§ BRIEF
Reproduce only the lines of the material below that start at the line containing "If she was going" and stop at the line containing "No business like". Keep both end lines.

§ DATA IN THIS EXERCISE
★ ★ ★ ★ ★
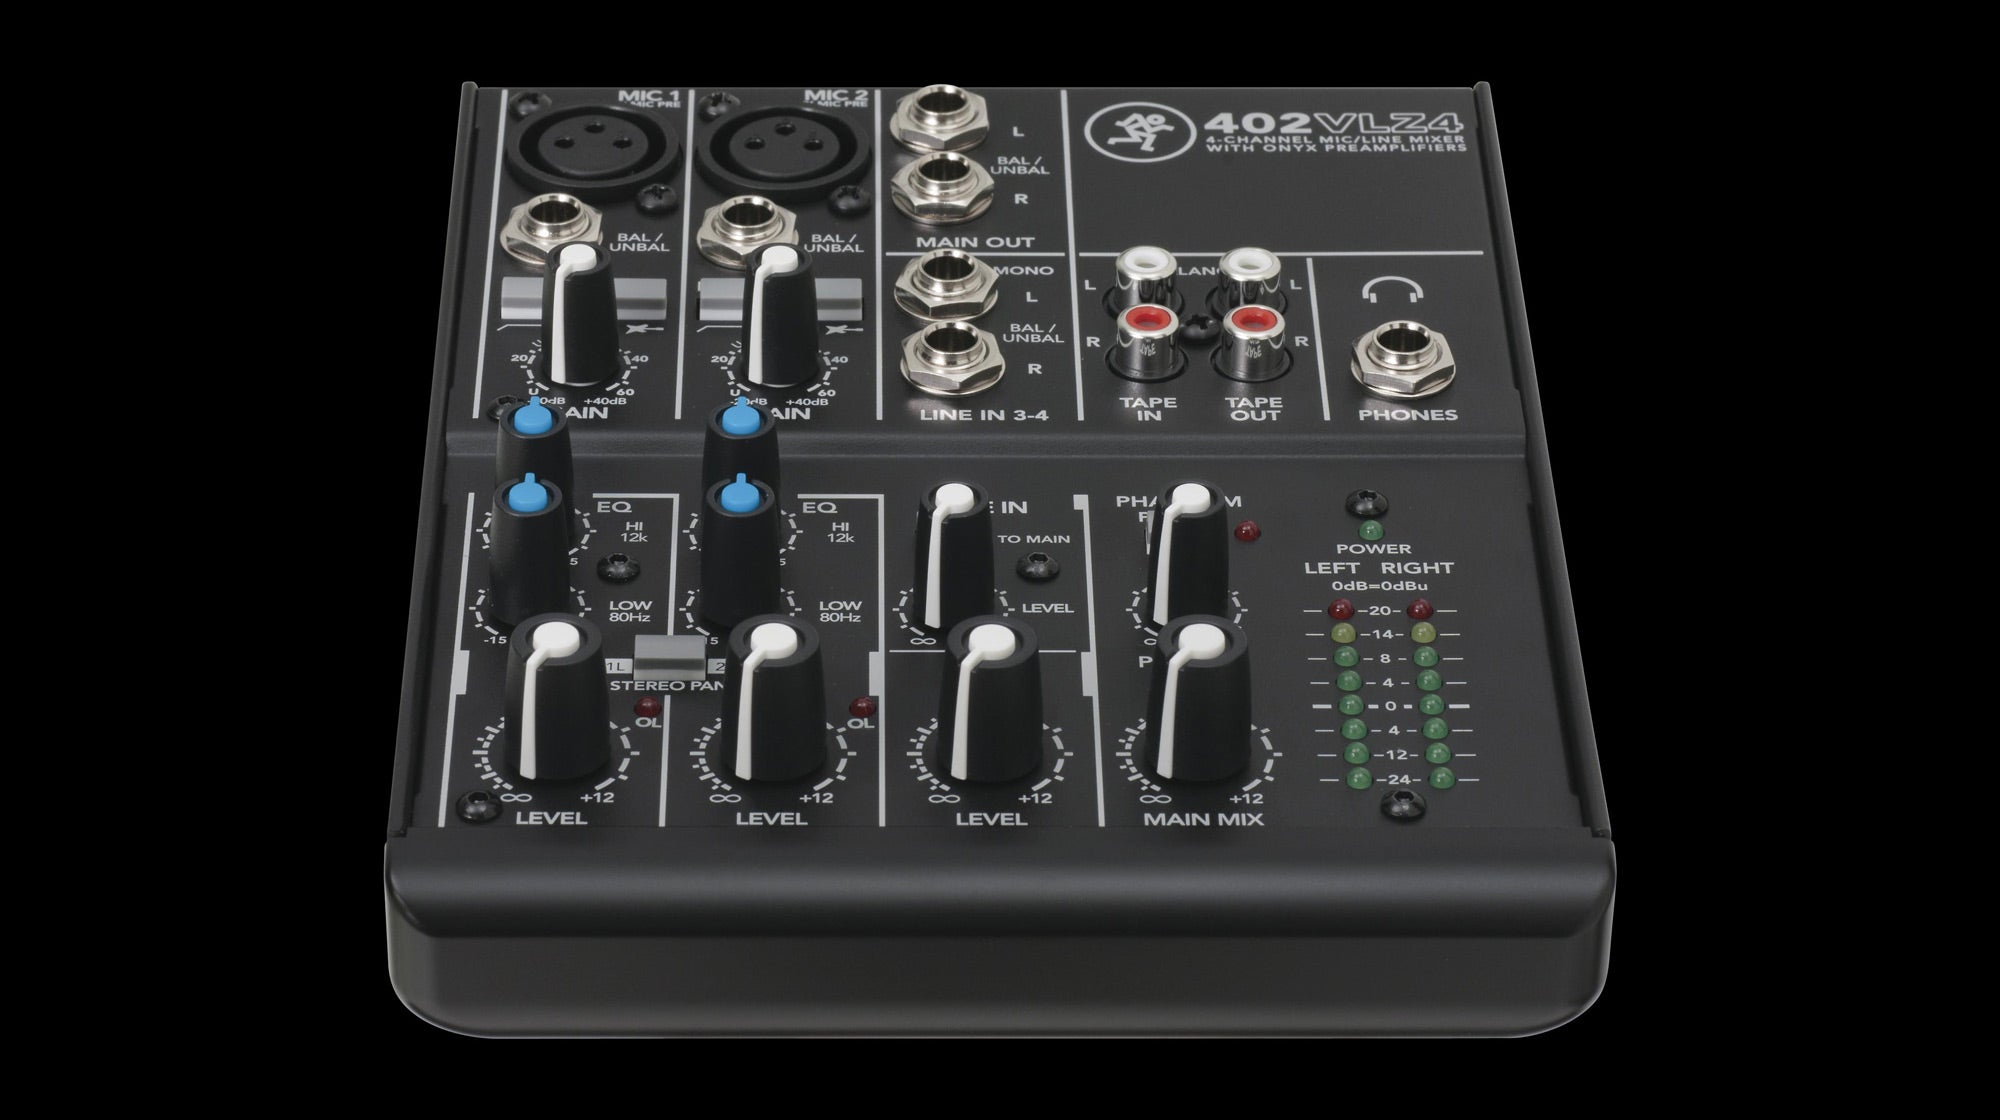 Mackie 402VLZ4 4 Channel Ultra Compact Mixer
★ ★ ★ ★ ★
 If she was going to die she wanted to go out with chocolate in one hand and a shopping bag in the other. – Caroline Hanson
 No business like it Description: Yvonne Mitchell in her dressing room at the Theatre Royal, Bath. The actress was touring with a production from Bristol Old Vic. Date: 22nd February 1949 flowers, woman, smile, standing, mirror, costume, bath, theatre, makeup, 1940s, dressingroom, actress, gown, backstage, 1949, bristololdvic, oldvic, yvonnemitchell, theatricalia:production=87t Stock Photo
★ ★ ★ ★ ★
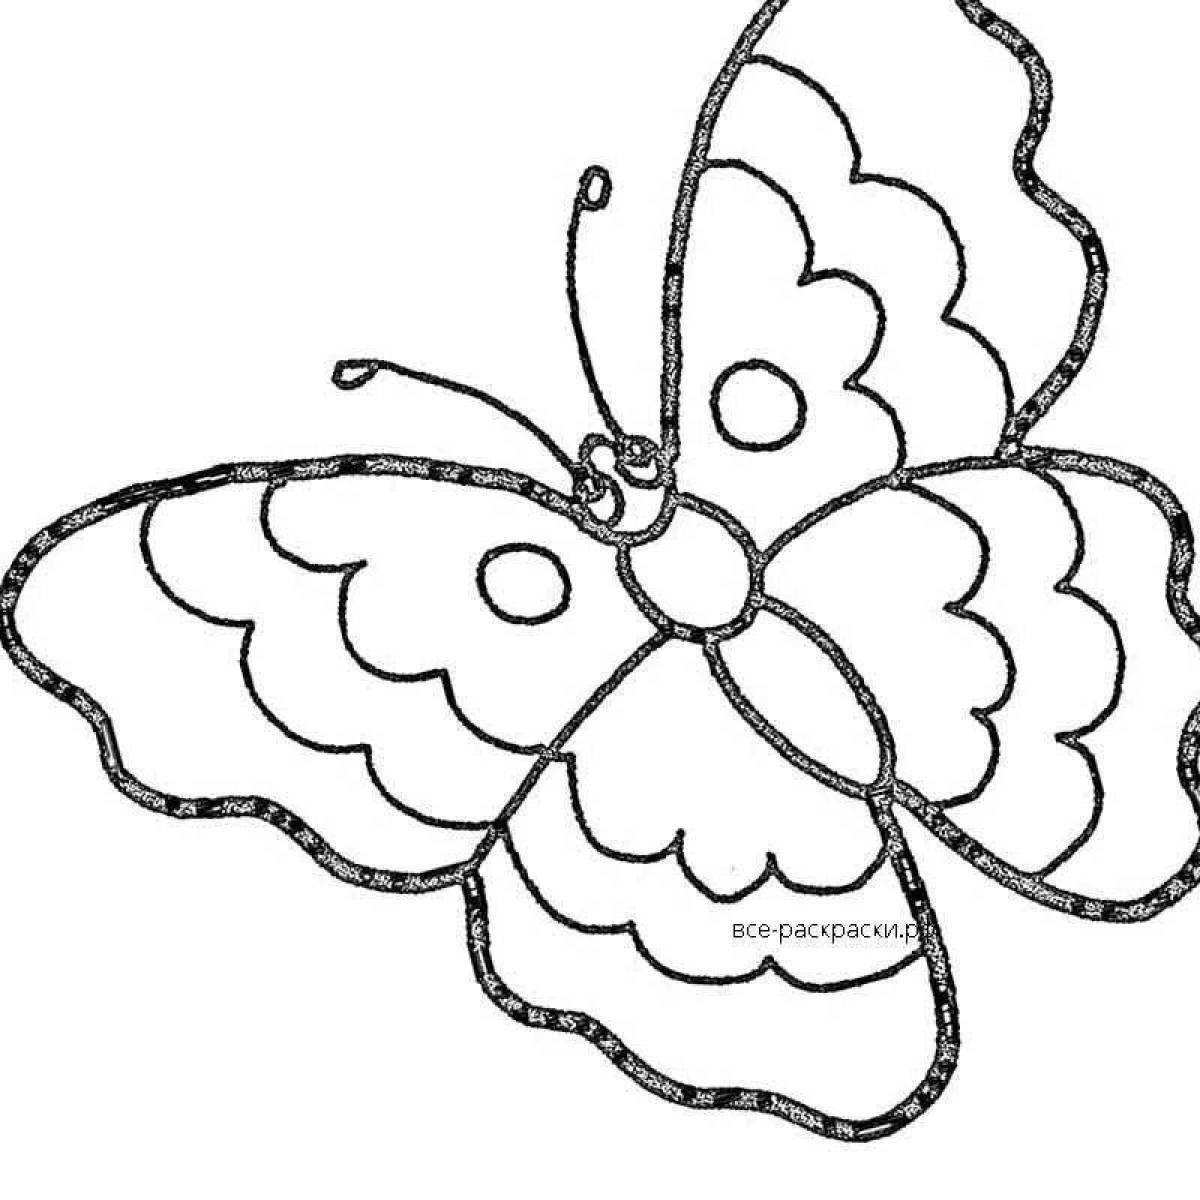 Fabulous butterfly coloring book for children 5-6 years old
★ ★ ★ ★ ★
§ SOLUTION TO THIS PROBLEM
 If she was going to die she wanted to go out with chocolate in one hand and a shopping bag in the other. – Caroline Hanson
 No business like it Description: Yvonne Mitchell in her dressing room at the Theatre Royal, Bath. The actress was touring with a production from Bristol Old Vic. Date: 22nd February 1949 flowers, woman, smile, standing, mirror, costume, bath, theatre, makeup, 1940s, dressingroom, actress, gown, backstage, 1949, bristololdvic, oldvic, yvonnemitchell, theatricalia:production=87t Stock Photo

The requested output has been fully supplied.